Segment Start: Material for this task

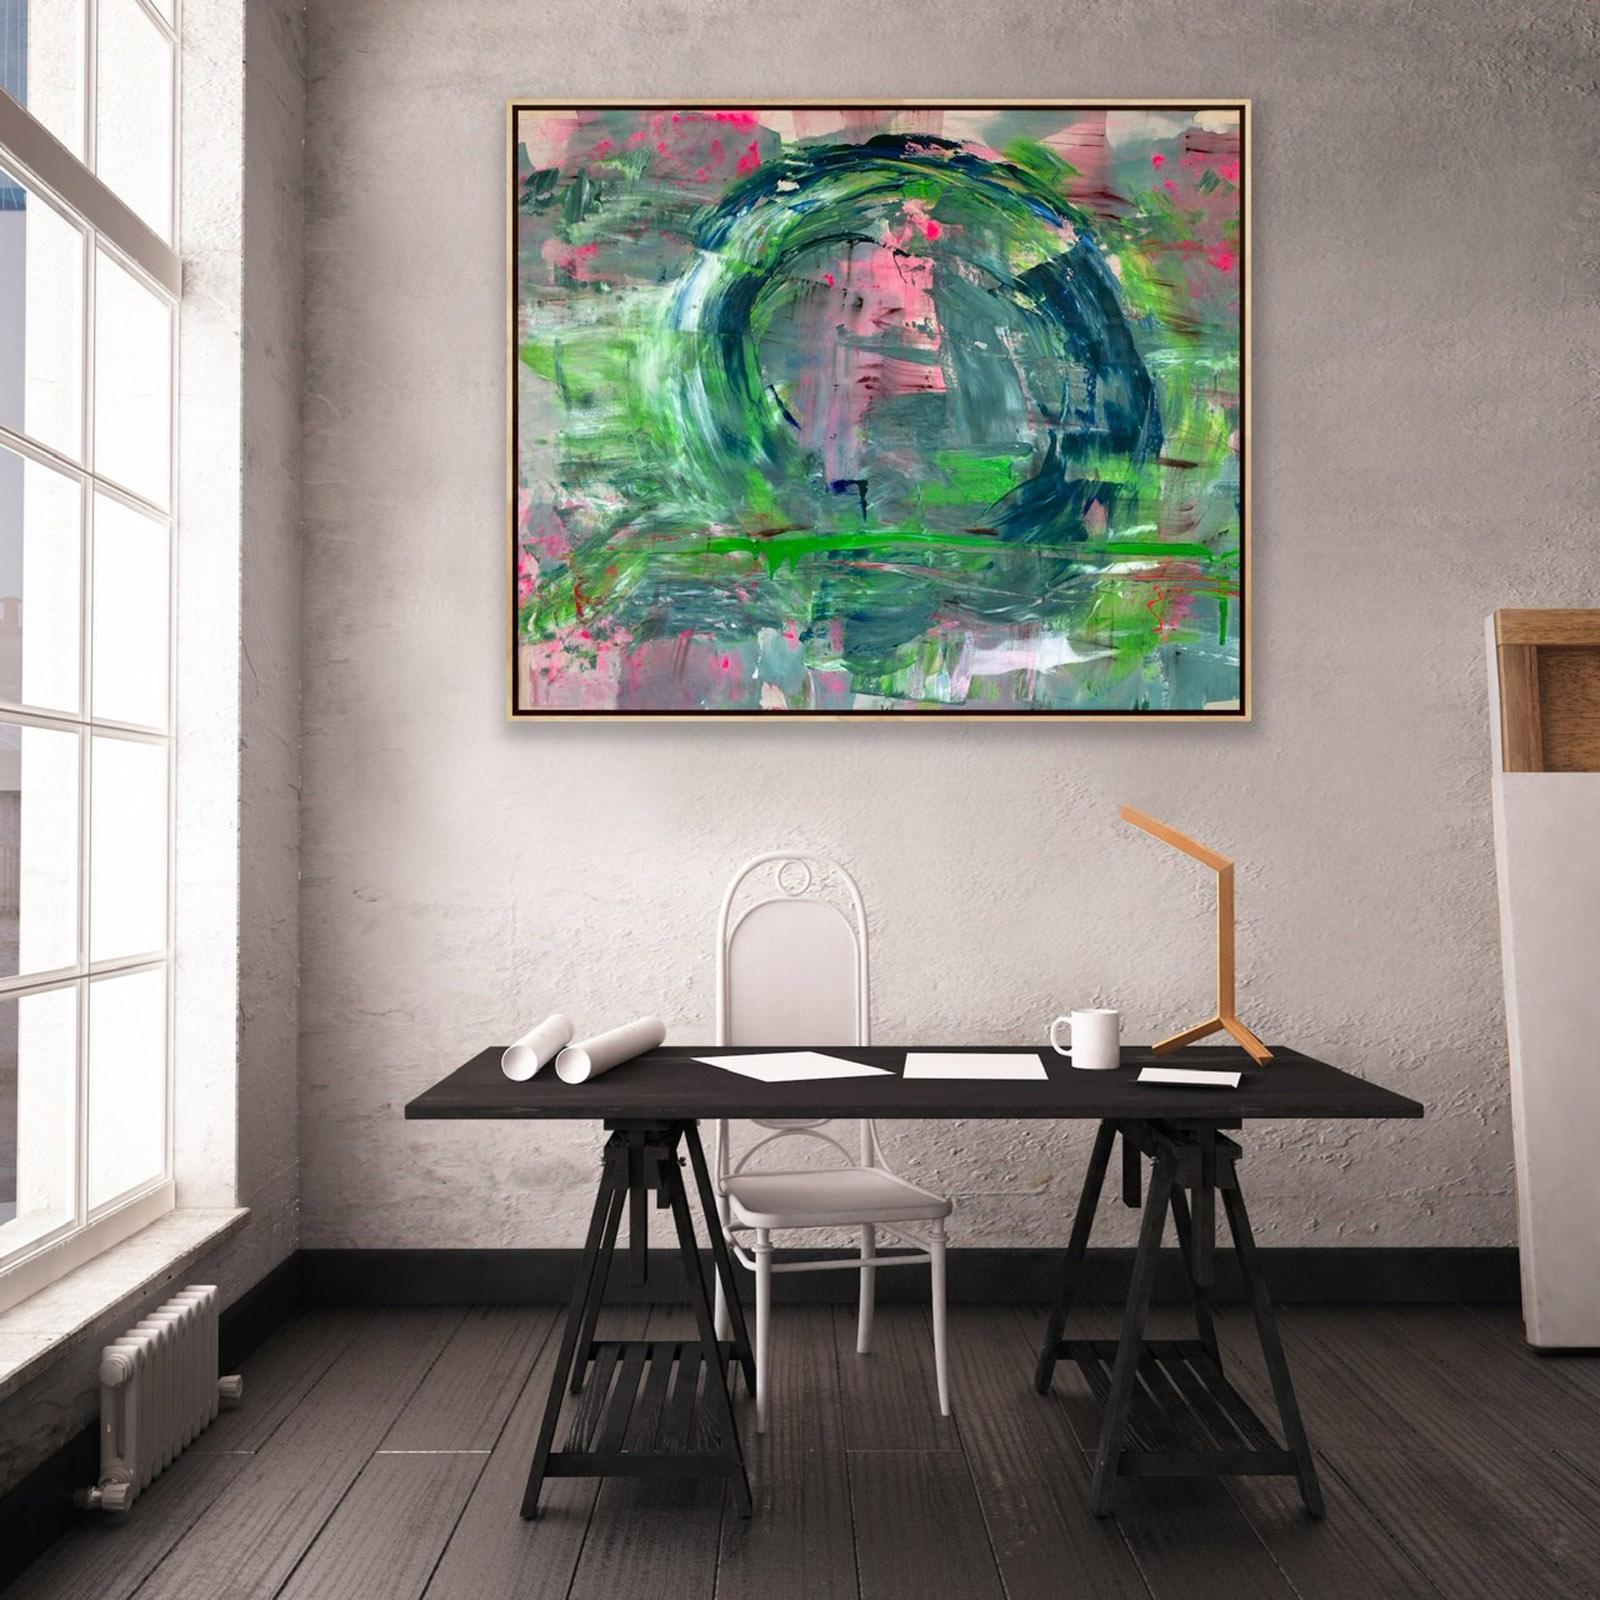 Spring Into Action - Gray Abstract Painting by Francine Tint
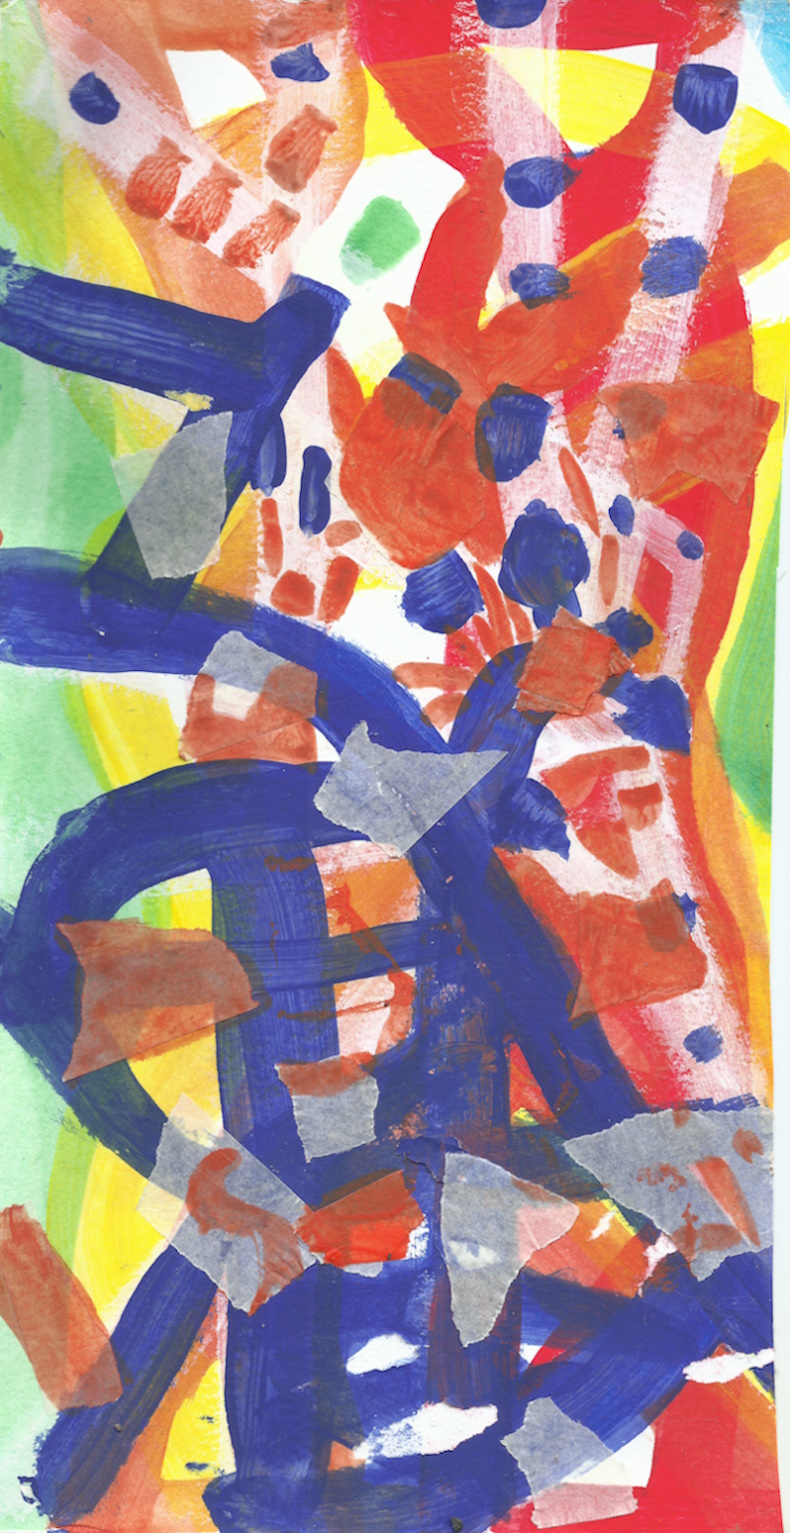 scan of a colourful abstract painting
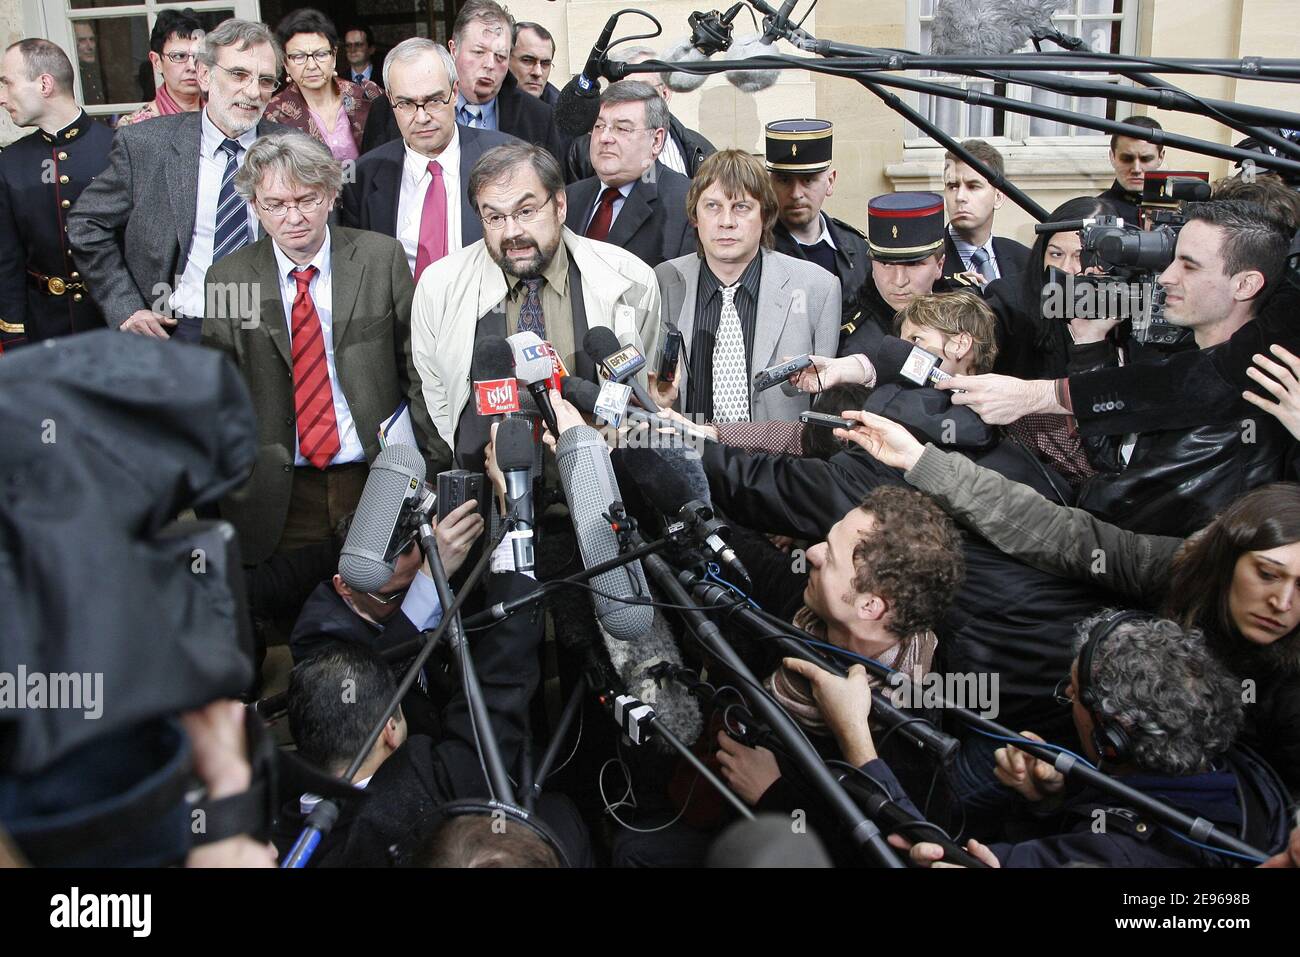 Unionists Bernard Thibault (CGT) (R), Francois Chereque (C), Jean-Claude  Mailly (FO) (L), Jacques Voisin (2nd rowL) (CFTC), et Jean-Marc Icard (2nd  Row C) (CFE-CGC) answer to journalists as they a meeting with
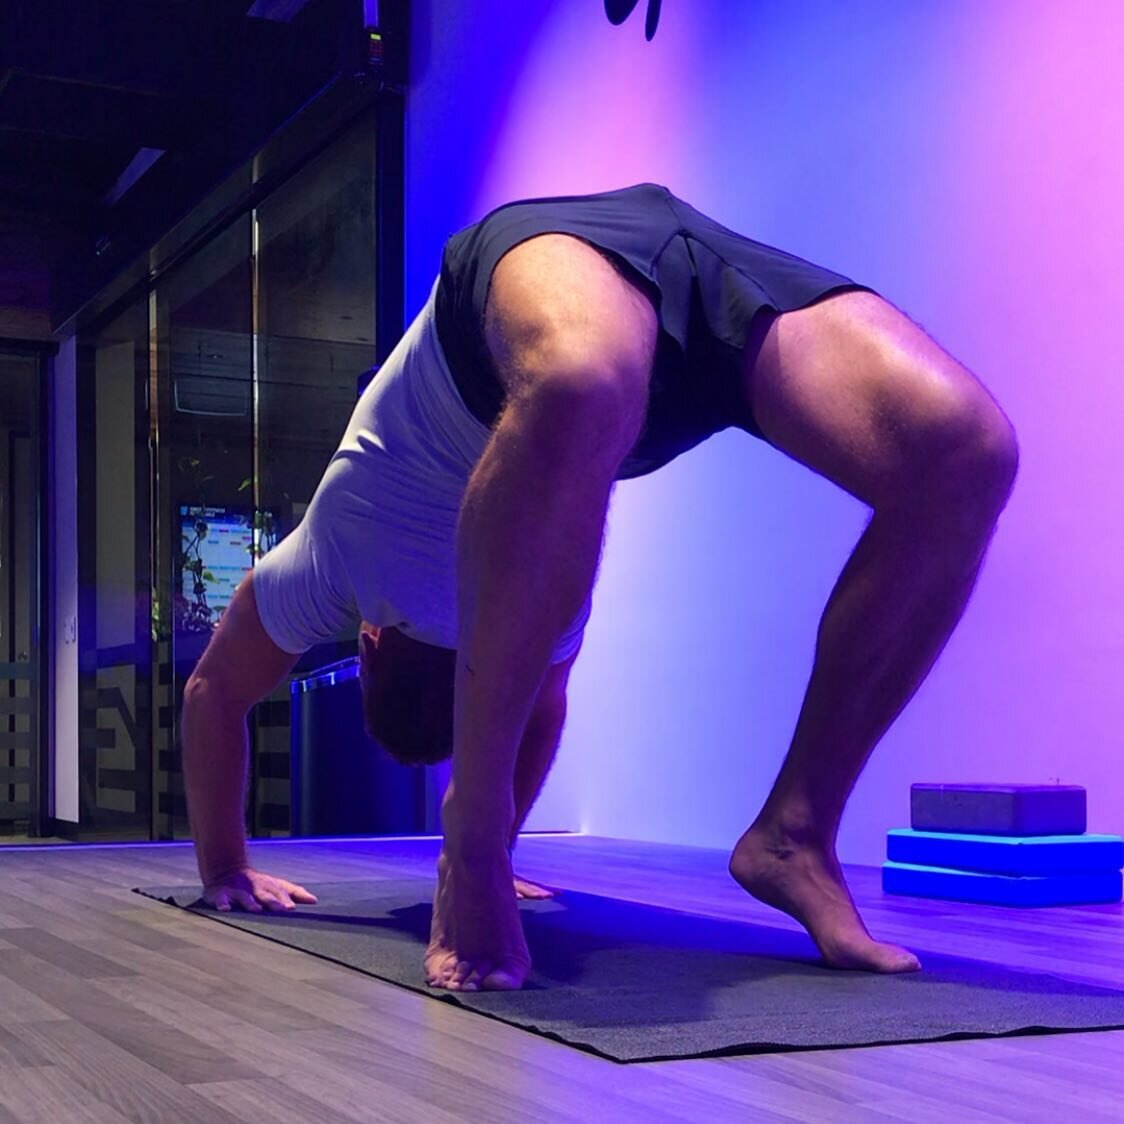 Workshopping wheel this coming month of February as me move in opening the heart - both in class and practice and everyday life. Looking for ways to create space. 

Wheel pose - upward facing bow pose,  urdhva Dhanurasana - is an intense back bend -

Segment End: Material for this task

**Task directions**
The lines wanted are those from the start of the material above through the line with "scan of a colourful abstract painting", both included; print them exactly and skip any picture.

**Task solution**
 Spring Into Action - Gray Abstract Painting by Francine Tint
 scan of a colourful abstract painting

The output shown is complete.